The third and last element of sufficiency in the Global Justice Platform is a substantial transformation of food patterns, land use, and forest cover. To understand why, it helps to consider today’s land-use patterns. Of all the land on Earth, less than 1% is covered by built-up areas (cities, roads, other infrastructure), while close to 33% is used for agriculture, almost as much as forests (28%) and wild grasslands and shrubs (10%) [14]The rest (29%) is covered by other barren land (mountains, deserts, etc.). See Chancel et al, 2026, Table 8 and Figures 2a-2c for historical evolutions. Of that agricultural land, two-thirds is devoted to grazing livestock. This makes dietary changes a direct lever to reduce emissions. First, cattle farming alone accounts for 11% of global emissions in 2025, making it far more environmentally costly than producing equivalent calories from plant-based sources. Second, the expansion of grazing land is the primary driver of deforestation, which itself accounts for around 6% of global emissions and destroys one of the planet’s most important carbon sinks [15]See Chancel et al, 2026, Table 9, for detailed breakdown and discussion.
 
Global forest cover declined by approximately 200 million hectares between 1990 and 2025, with no sign of significant deceleration. This trend is sometimes obscured in public debate by the fact that most regions of the Global North have experienced moderate reforestation in recent decades. However, continued deforestation in the Global South, particularly in Latin America and to a lesser extent in Sub-Saharan Africa and South and South-East Asia, has more than offset these gains, resulting in a net loss of around 200 million hectares of global forest cover over the period (Figure 1.10). This is aggravated by the fact that the areas currently undergoing deforestation include denser forests with much stronger CO2 absorption capacity per hectare (two to three times greater) than the areas undergoing reforestation.

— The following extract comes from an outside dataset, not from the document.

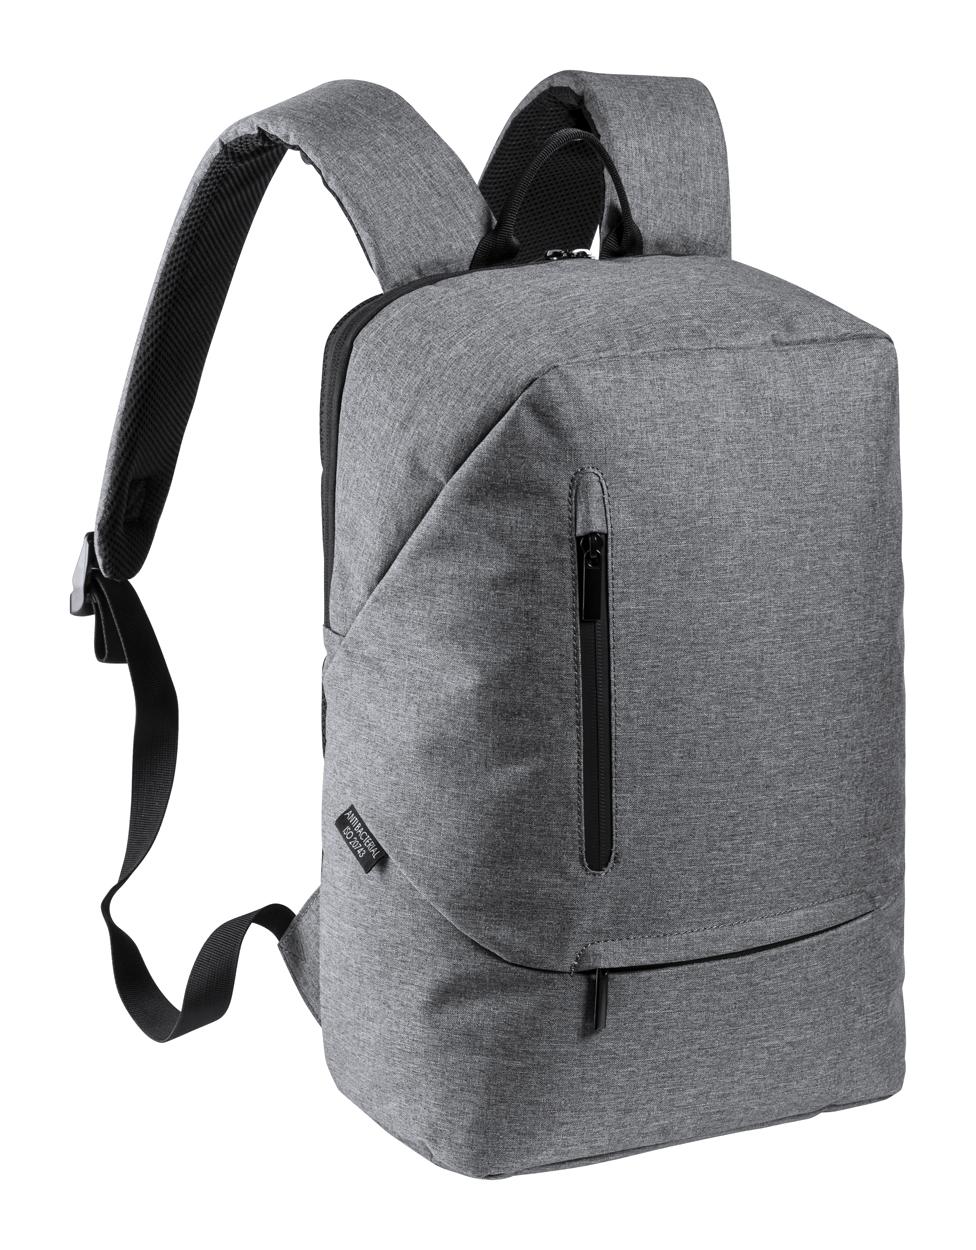 Mordux anti-bacterial backpack

In our benchmark scenario, we combine a complete ban on deforestation with a major reforestation program, so that global forest cover gradually recovers from approximately 4.1 billion hectares in 2025 to 4.8 billion by 2100, which corresponds roughly to the level last recorded in 1900 (Figure 1.11) [16]See Chancel et al, 2026, Figures 22a-24c for detailed projections by region.

According to our projections, this implies a 25% reduction in global grazing land (including a 40% reduction in Latin America) and the equivalent of a 25% reduction in total world meat production between 2026 and 2100 (adjusting for land-intensity by meat category). This also includes a substantial fall in today’s richest countries and largest meat consumers, especially for red meat (whose production is more land-intensive). By 2100, red meat consumption in North America is projected to fall by approximately a factor of 4.5, and by around 2.5 in Western Europe. While this may seem large, the point is that the amounts at stake in terms of GHG emissions and global warming are truly enormous, and that there appears to be no other way to proceed to put an end to ongoing deforestation and allow world forest cover to return to adequate levels.
 
Whether it takes the form of a reduction in total labour hours, a compression of the share of material sectors, or a change in food habits and land use, the move toward sufficiency that we advocate in the Global Justice Platform entails major benefits in terms of leisure time and planetary habitability. Still, it naturally also entails some costs for certain consumers and producers. Regarding our projected changes in land-use patterns and reforestation, the main losers are arguably producers in Latin America and Sub-Saharan Africa who have benefited from continuing deforestation in recent decades (Figure 1.10), as well as the owners and consumers of the corresponding companies in the North. The purpose of the Global Justice Fund and the system of country dividends is precisely to ensure that bottom- and middle-income classes in all countries benefit from this process, both in the South and in the North – a central issue which we will investigate in Chapter 2.    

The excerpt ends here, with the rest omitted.